Simple Python crawling taobao image crawlers,
I wrote a crawler for capturing taobao images, all of which were written using if, for, and while, which is relatively simple and the entry-level work.
Http://mm.taobao.com/json/request_top_list.htm from web? Type = 0 & page = extract the taobao model photo.
Copy codeThe Code is as follows:
#-*-Coding: cp936 -*-
Import urllib2
Import urllib
Mmurl = "http://mm.taobao.com/json/request_top_list.htm? Type = 0 & page ="

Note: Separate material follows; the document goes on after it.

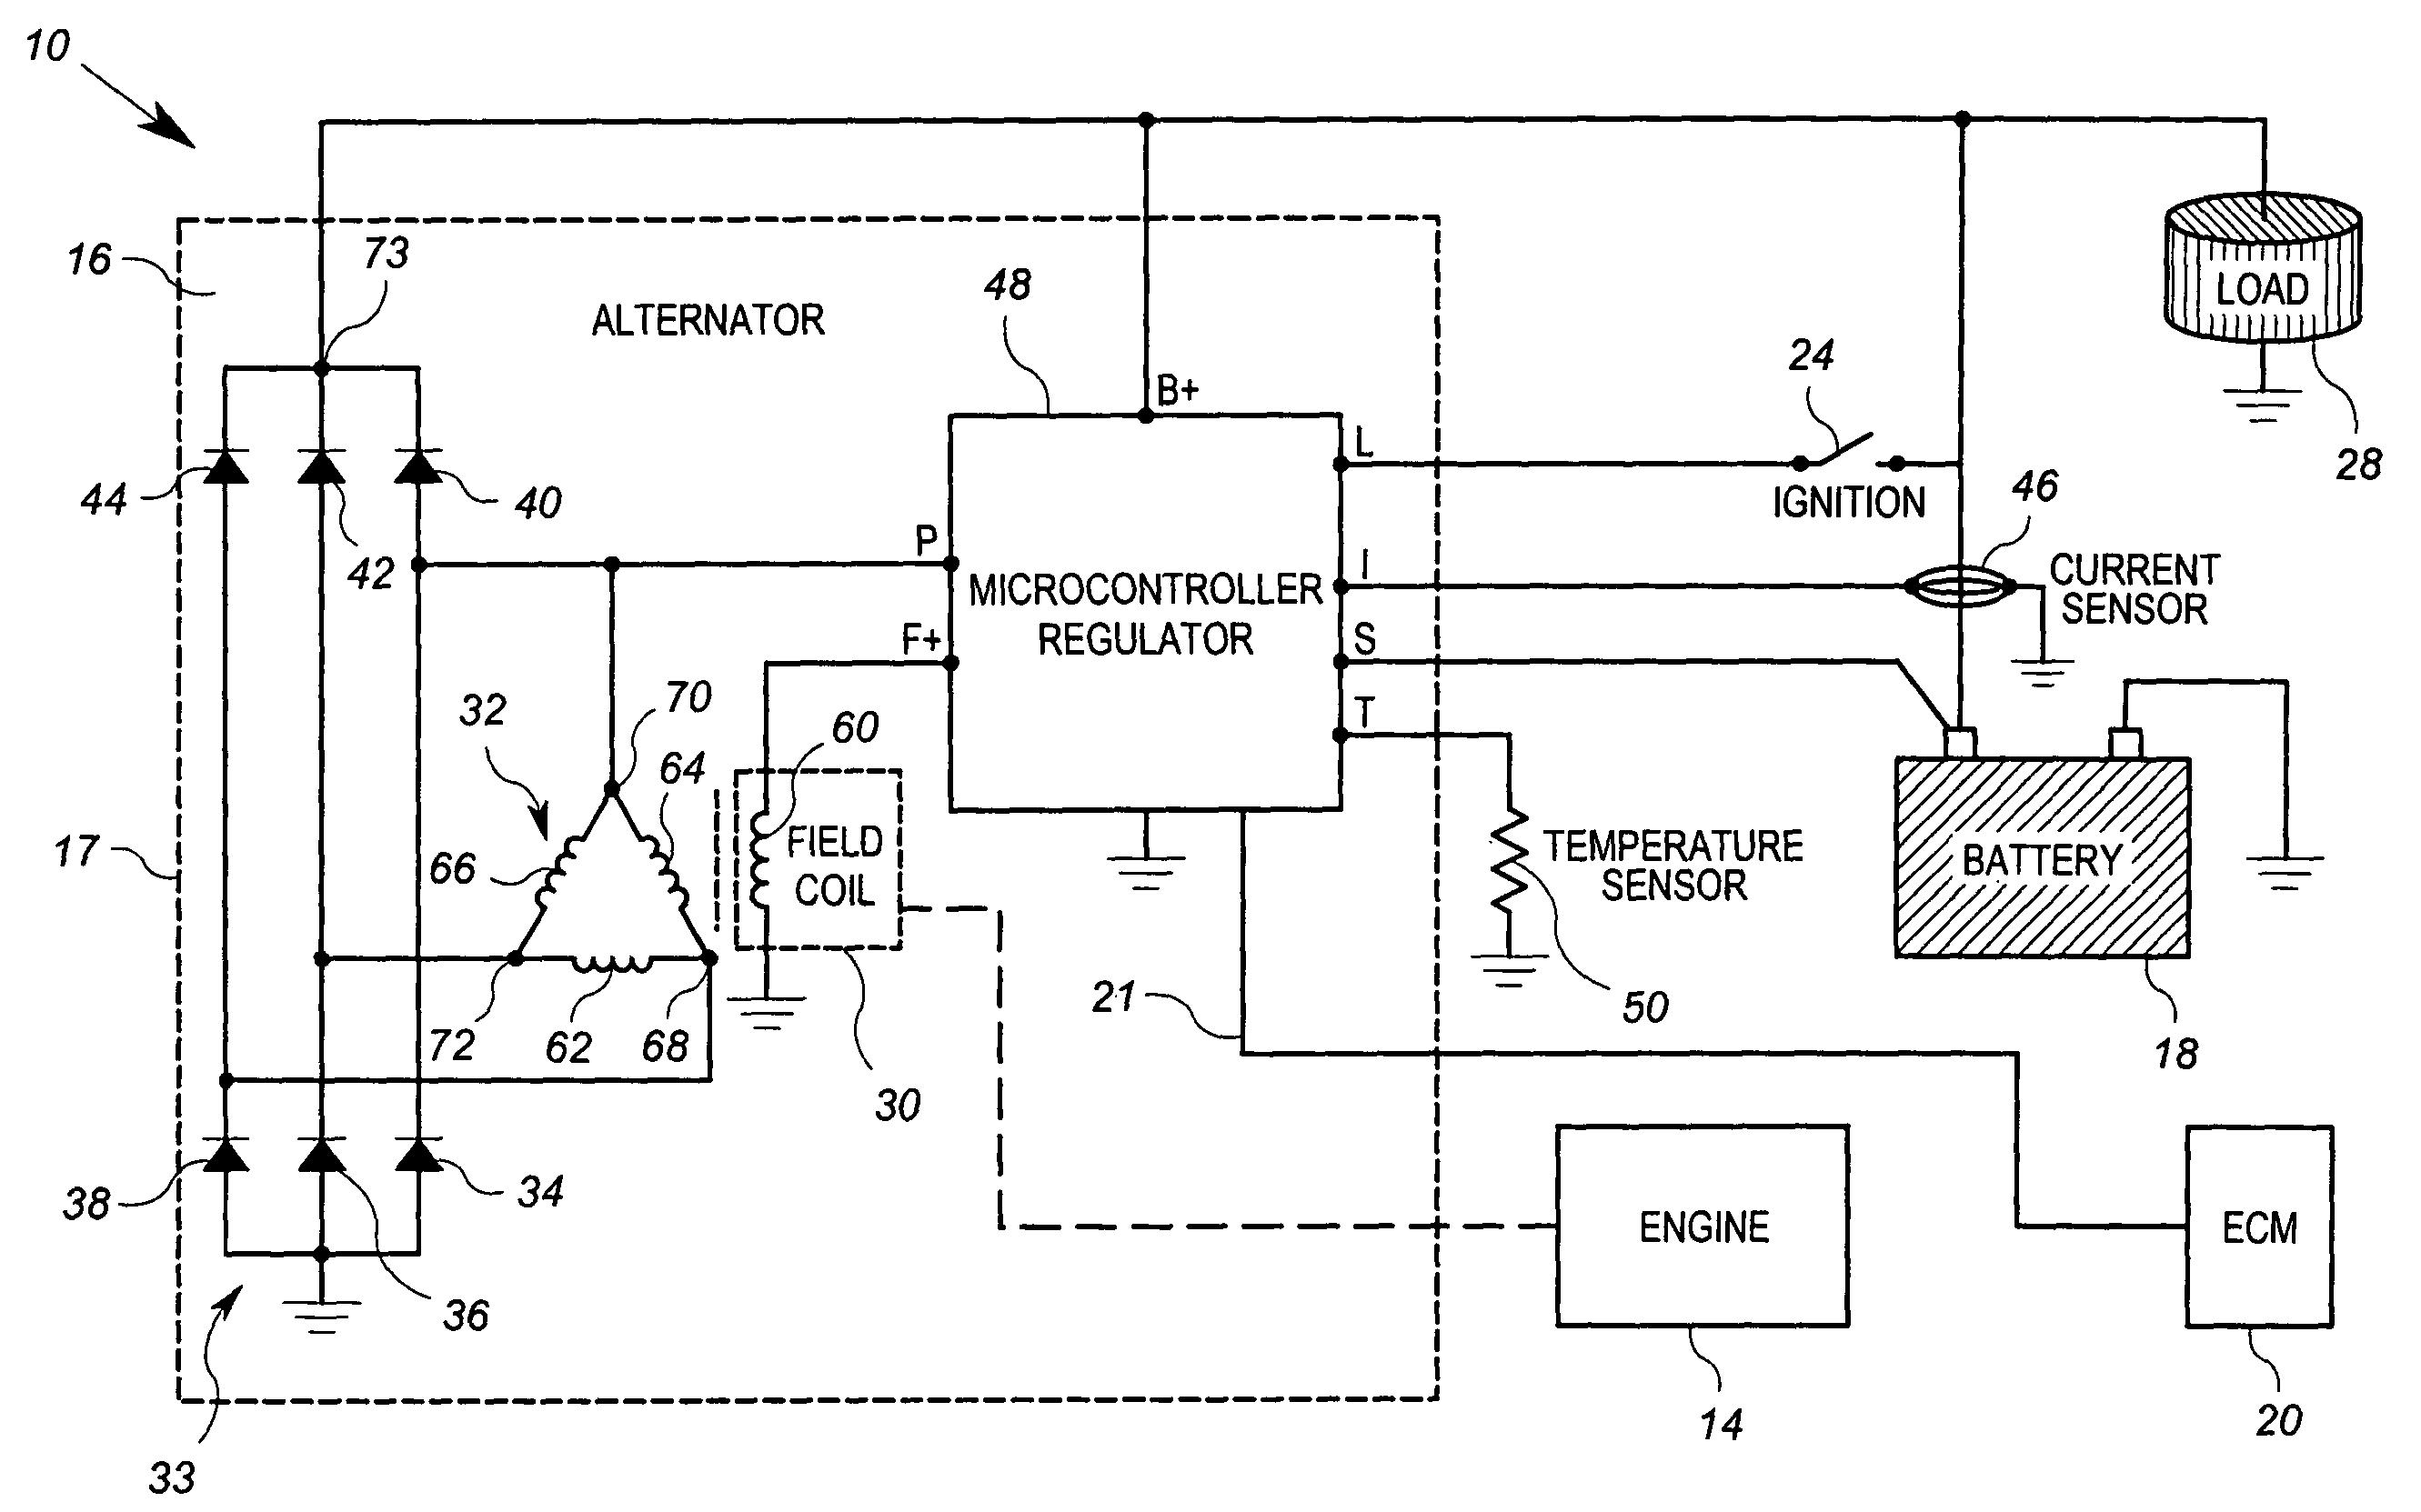 Patent US8330430 - Alternator regulator with variable rotor field ...
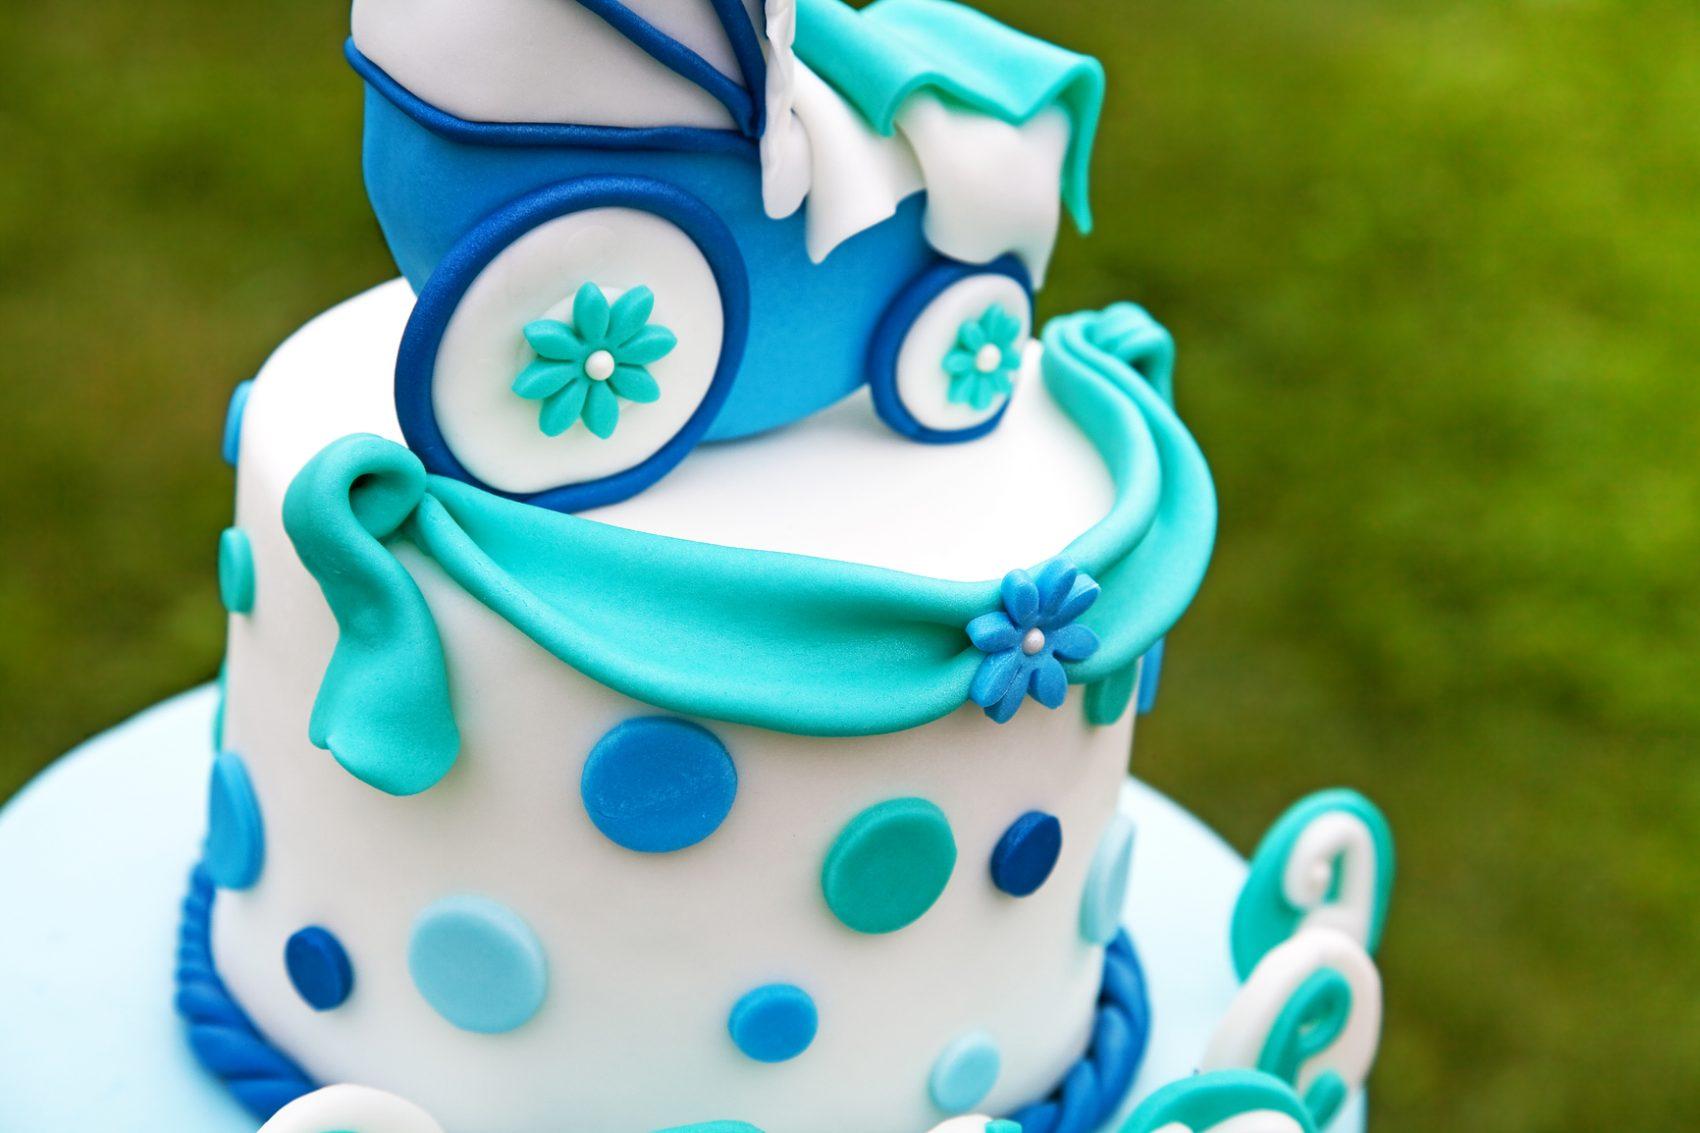 Torte decorate per battesimo carrozzina

I = 0 # I/O errors may occur if a personal page does not contain images on the second page.
While I <15:
Url = mmurl + str (I)
# Print url # print the url of the List
Up = urllib2.urlopen (url) # Open the page and store it in the handle
Cont = up. read ()
# Print len (cont) # page length
Ahref = '<a href = "http' # filter Keywords of webpage links on the page
Target = "target"
Pa = cont. find (ahref) # locate the header of the webpage link
Pt = cont. find (target, pa) # locate the end Of the webpage link
For a in range (): # If we can not hard encode 20? How can I find the end of a file?
Urlx = cont [pa + len (ahref)-4: pt-2] # store the webpage link from the header to the tail
If len (urlx) <60: # if the webpage link length is suitable for [len ()!!!!]
Urla = urlx # print it out.
Print urla # This is the personal URL of the desired model.
######## Start to operate on the URL of a model individual #########
Mup = urllib2.urlopen (urla) # Open the personal page of the model and store it in the handle.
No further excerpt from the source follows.